Exercise instructions
Only the pictures are to be dropped; the rest of the data below is to be duplicated exactly.

*** Raw data Section Begins ***

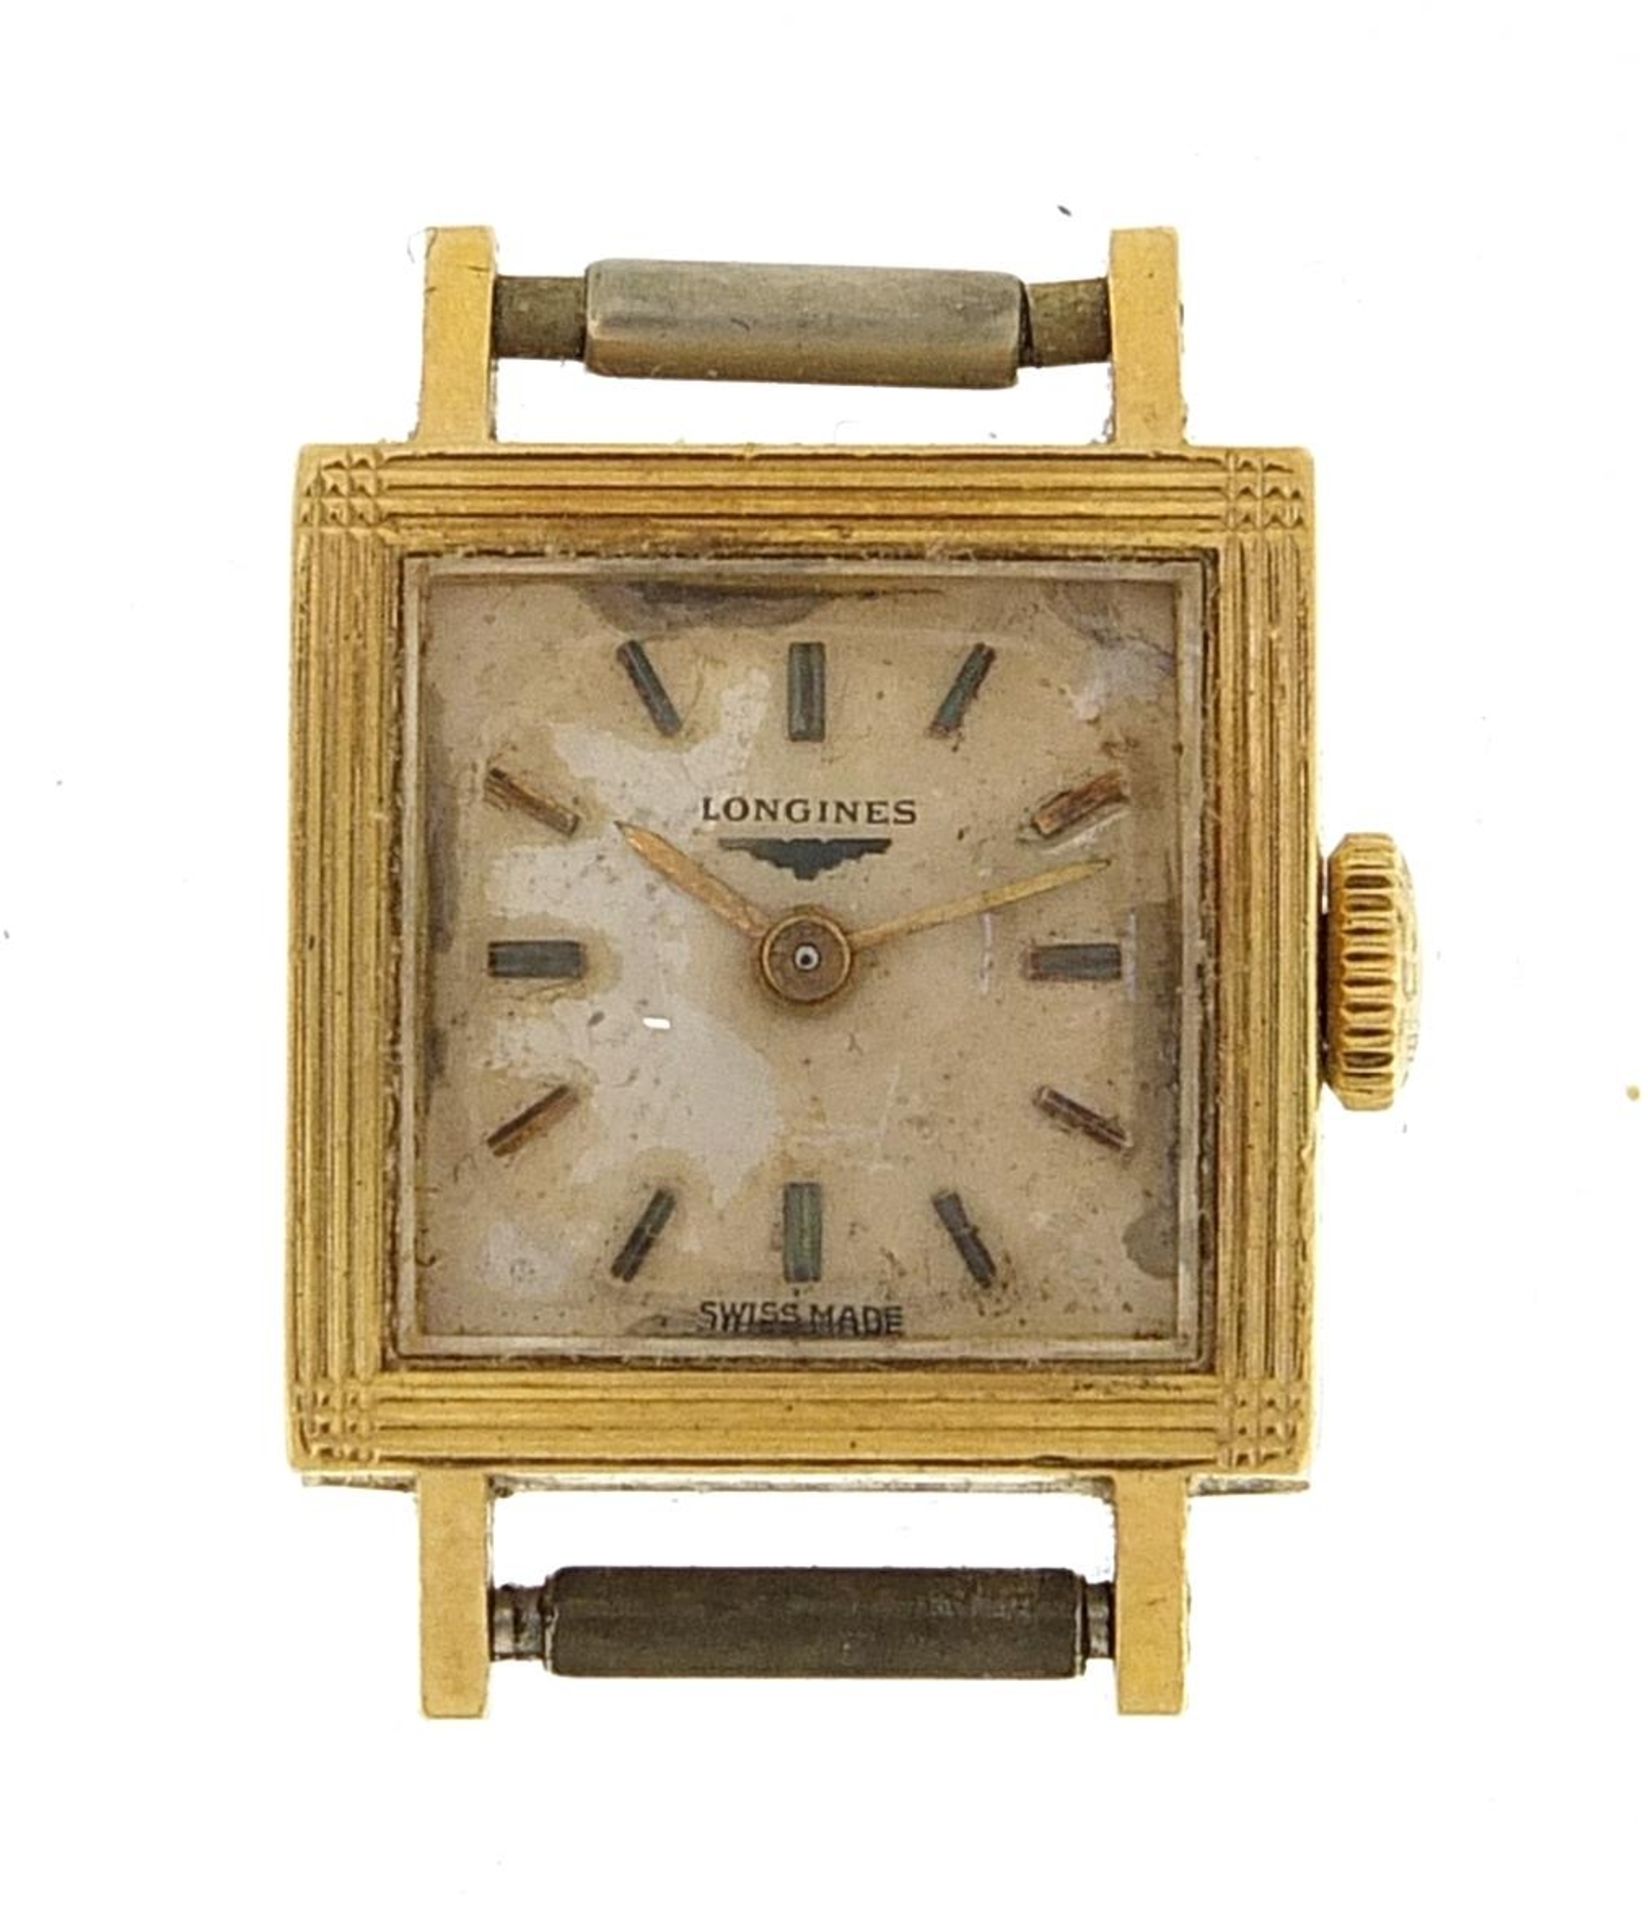 Longines, 18ct gold ladies manual wind wristwatch, the movement numbered 11367137, the case 16mm
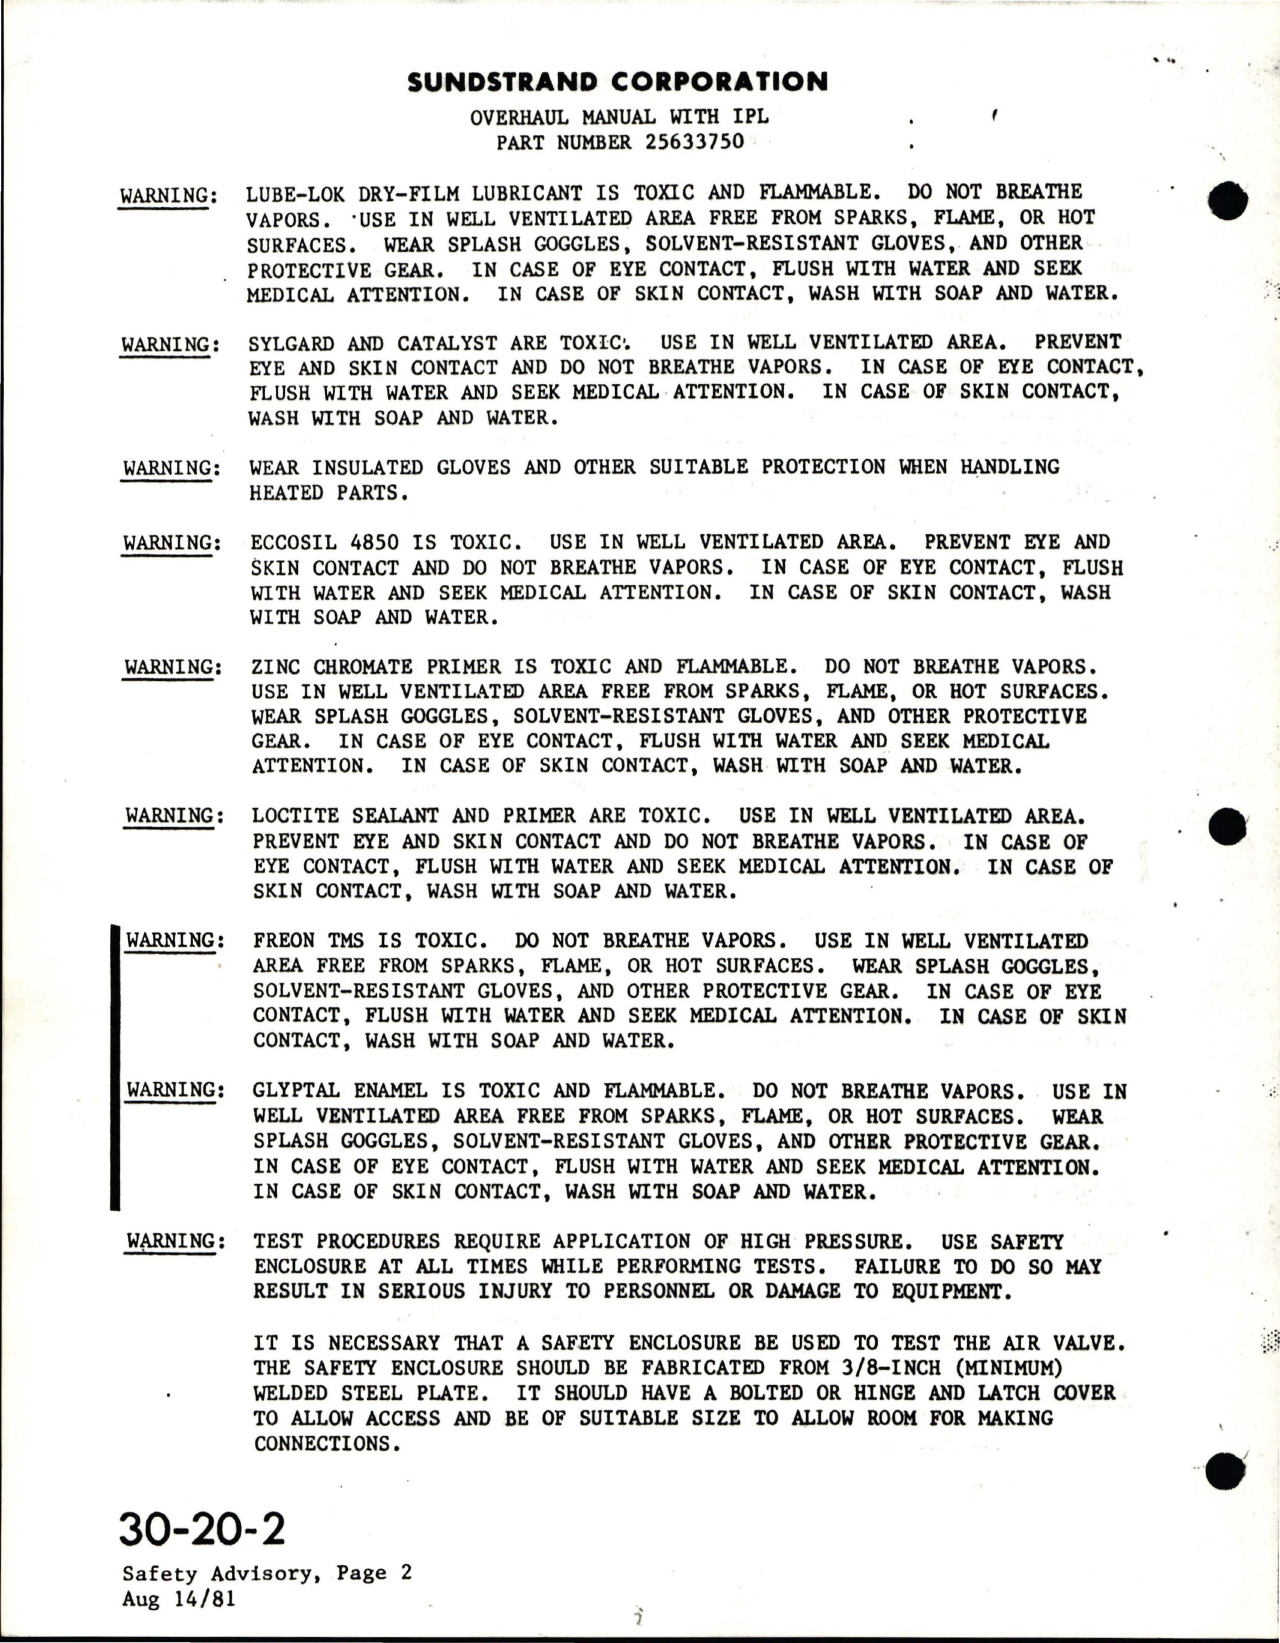 Sample page 5 from AirCorps Library document: Overhaul Manual for Air Valve
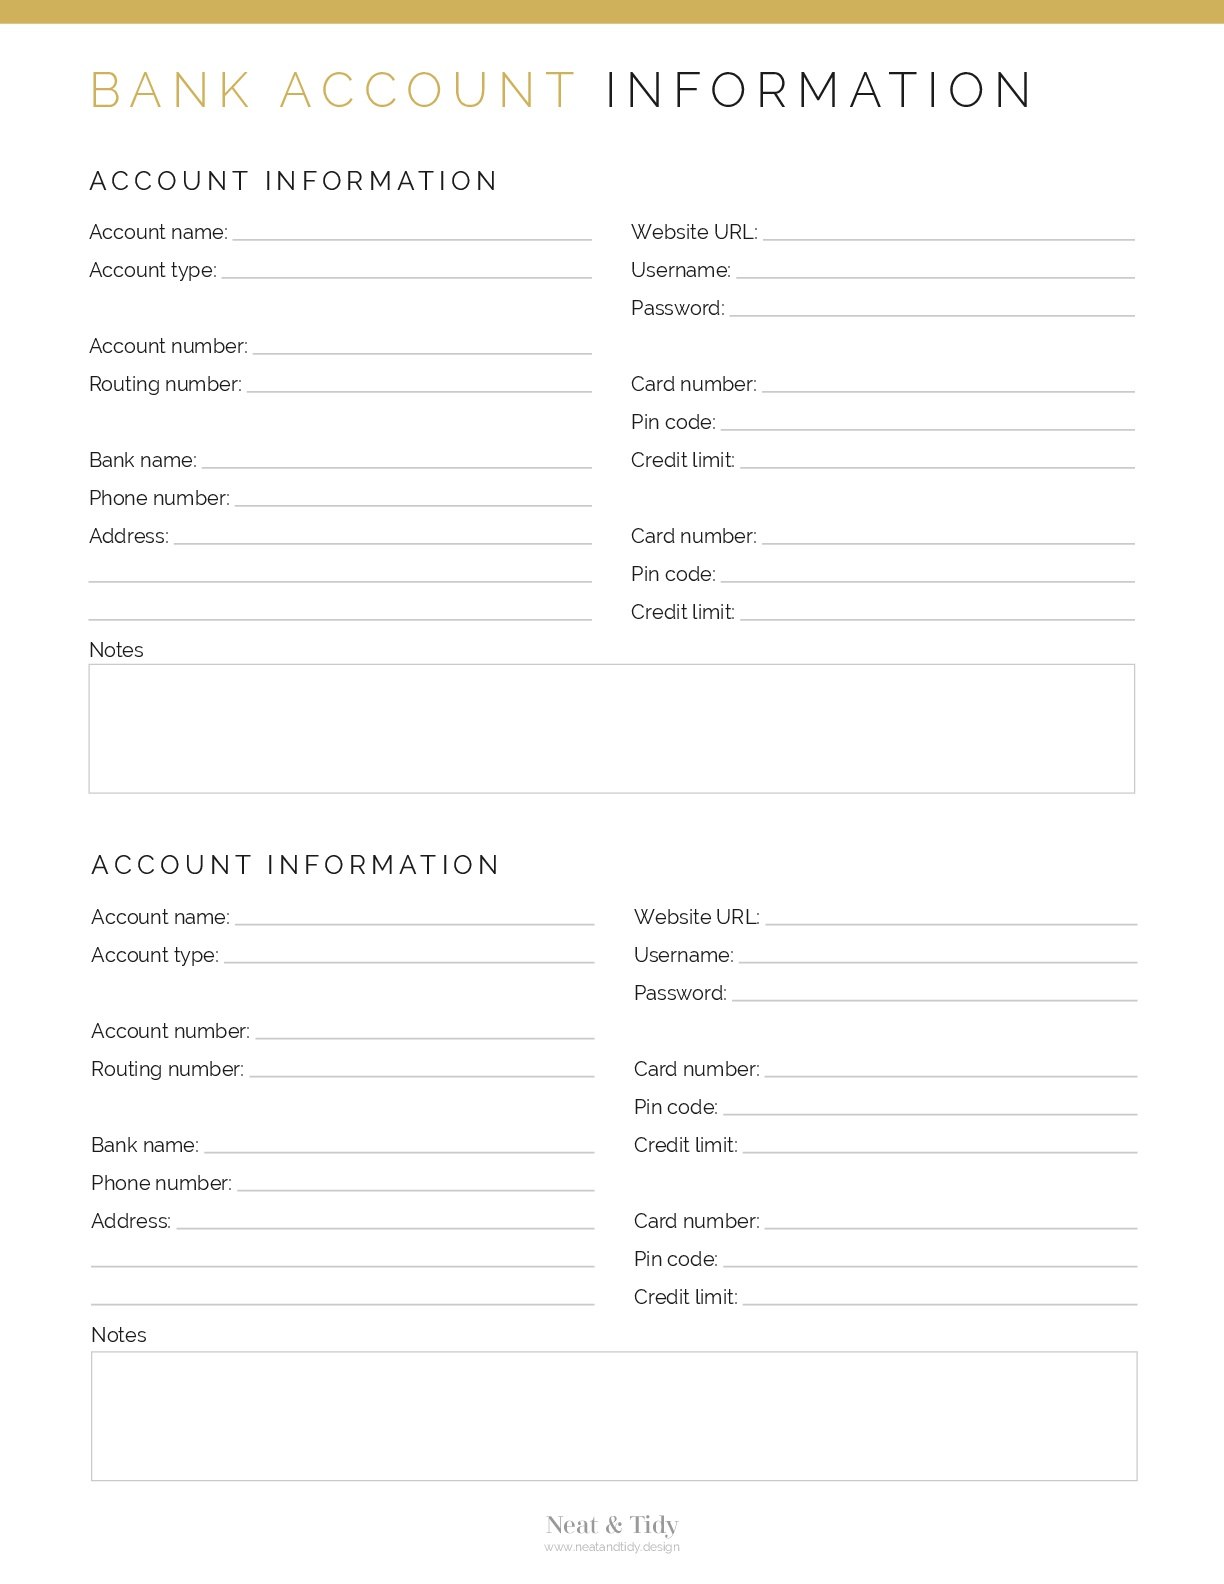 Bank Account Information Neat And Tidy Design 4299

*** Raw data Section Ends ***

Response to the task
 Longines, 18ct gold ladies manual wind wristwatch, the movement numbered 11367137, the case 16mm
 Sample page 5 from AirCorps Library document: Overhaul Manual for Air Valve
 Bank Account Information Neat And Tidy Design 4299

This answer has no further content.